Dataset extract –

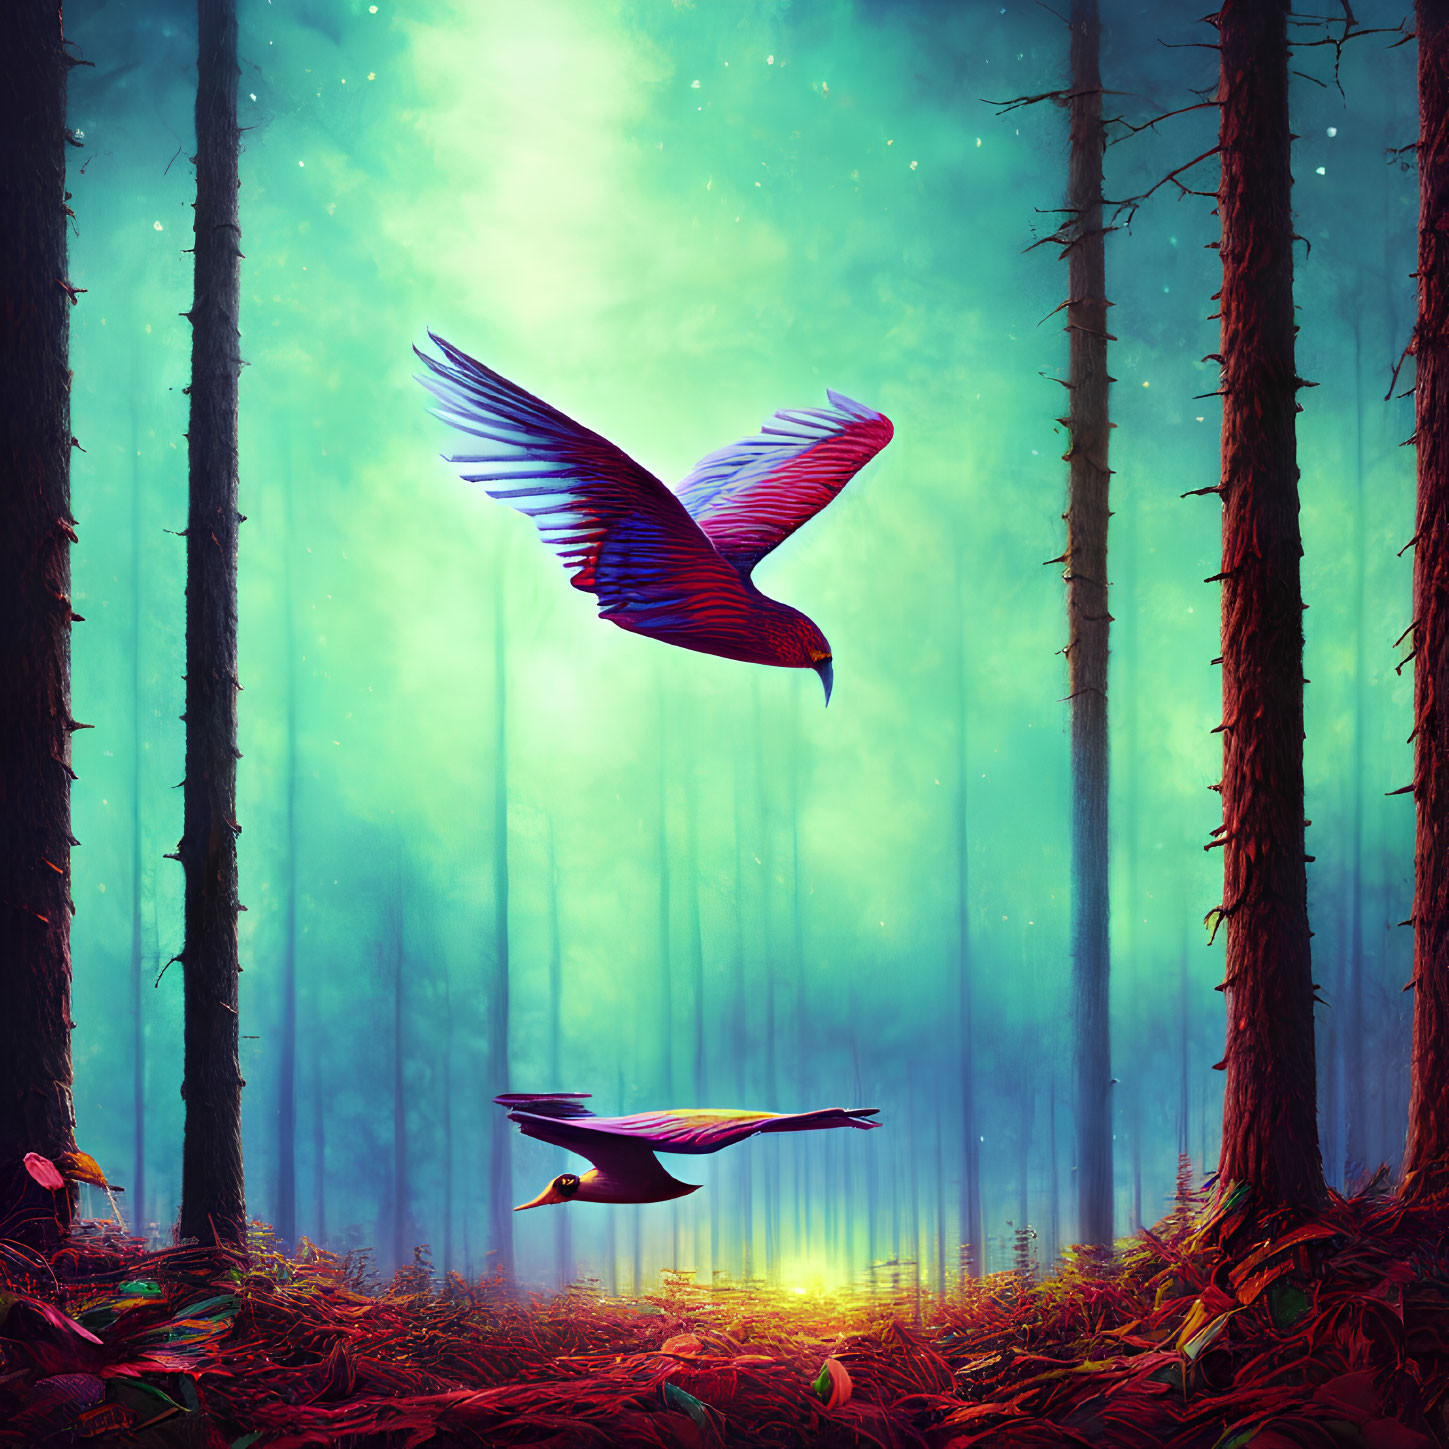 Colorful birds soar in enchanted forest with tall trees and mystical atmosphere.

* * *

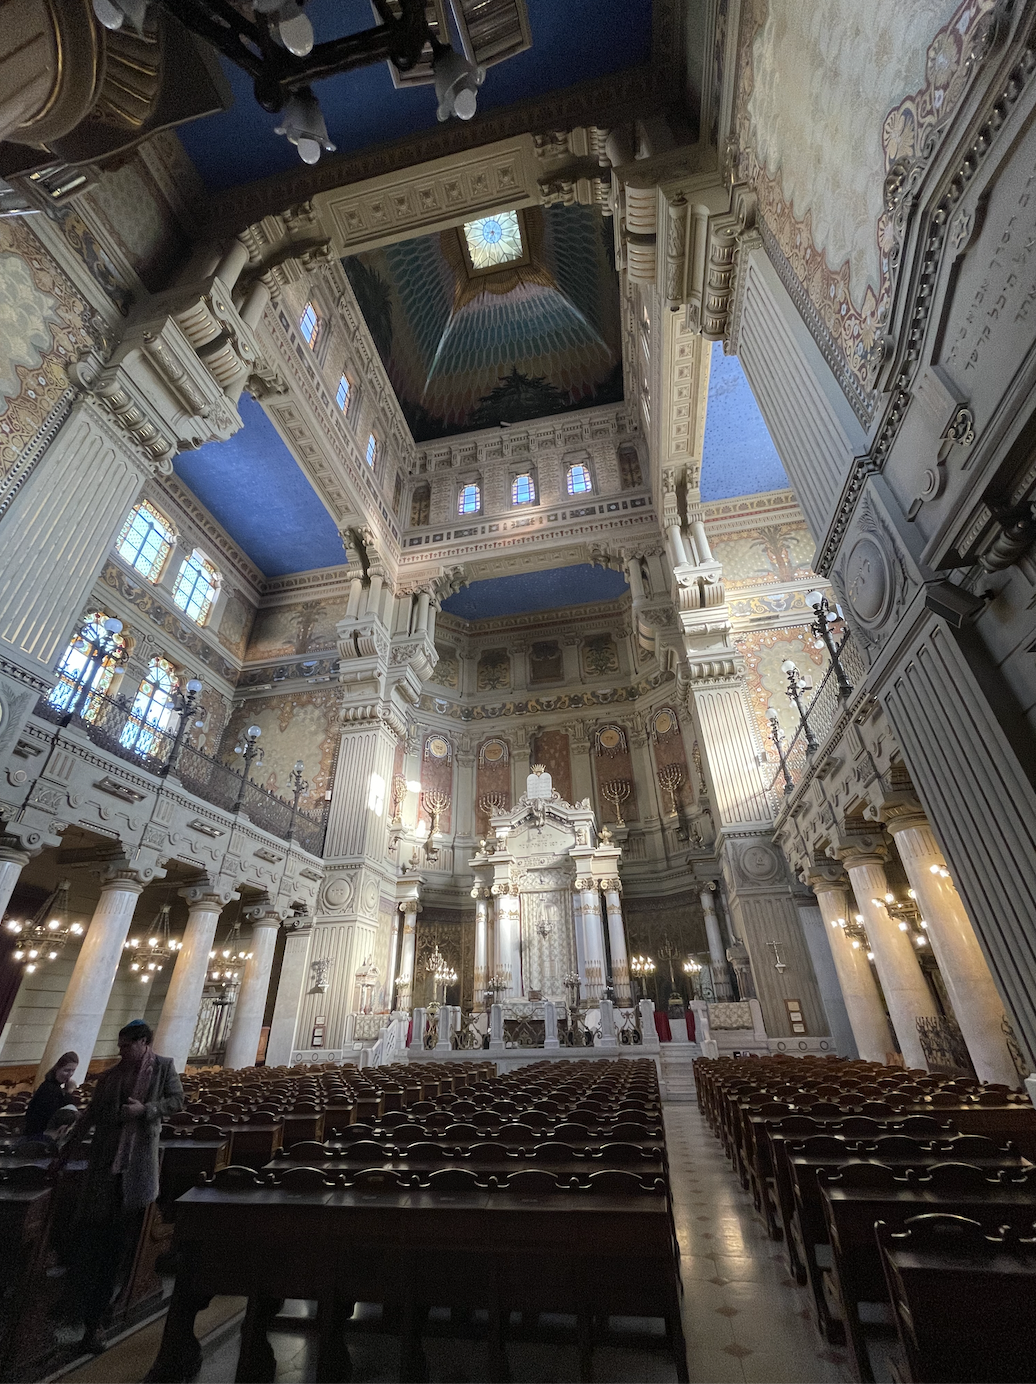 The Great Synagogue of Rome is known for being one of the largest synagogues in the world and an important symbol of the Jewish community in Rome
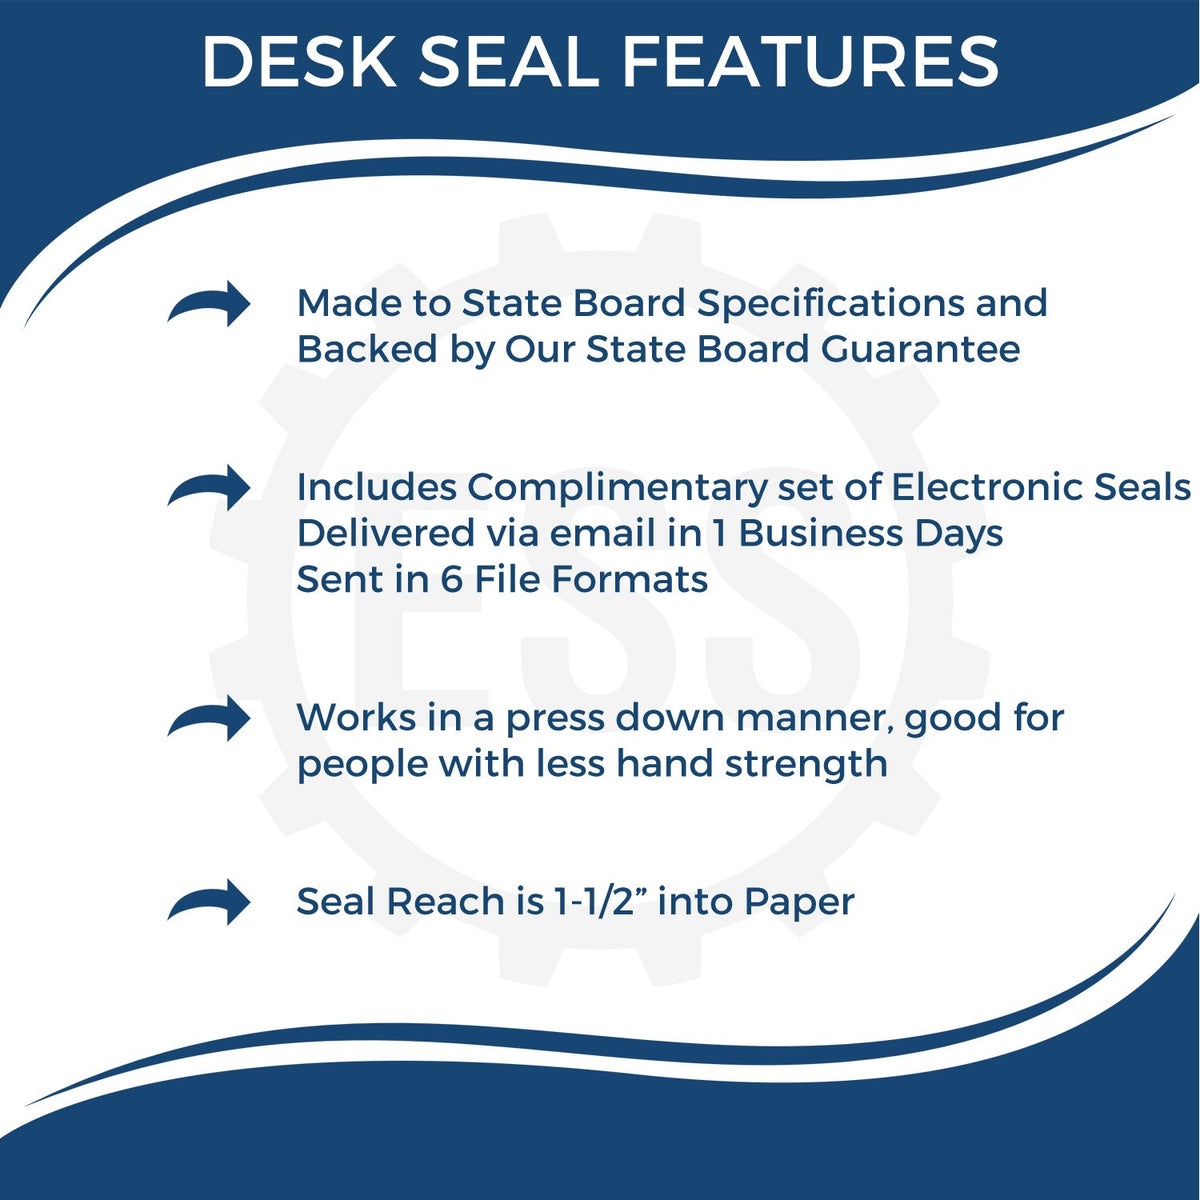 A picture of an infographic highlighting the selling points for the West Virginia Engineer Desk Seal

Exercise description – All that should appear in the answer is the lines above from the line with "The Great Synagogue" through the line with "A picture of", retyped exactly, pictures left out.

Completed exercise –
 The Great Synagogue of Rome is known for being one of the largest synagogues in the world and an important symbol of the Jewish community in Rome
 A picture of an infographic highlighting the selling points for the West Virginia Engineer Desk Seal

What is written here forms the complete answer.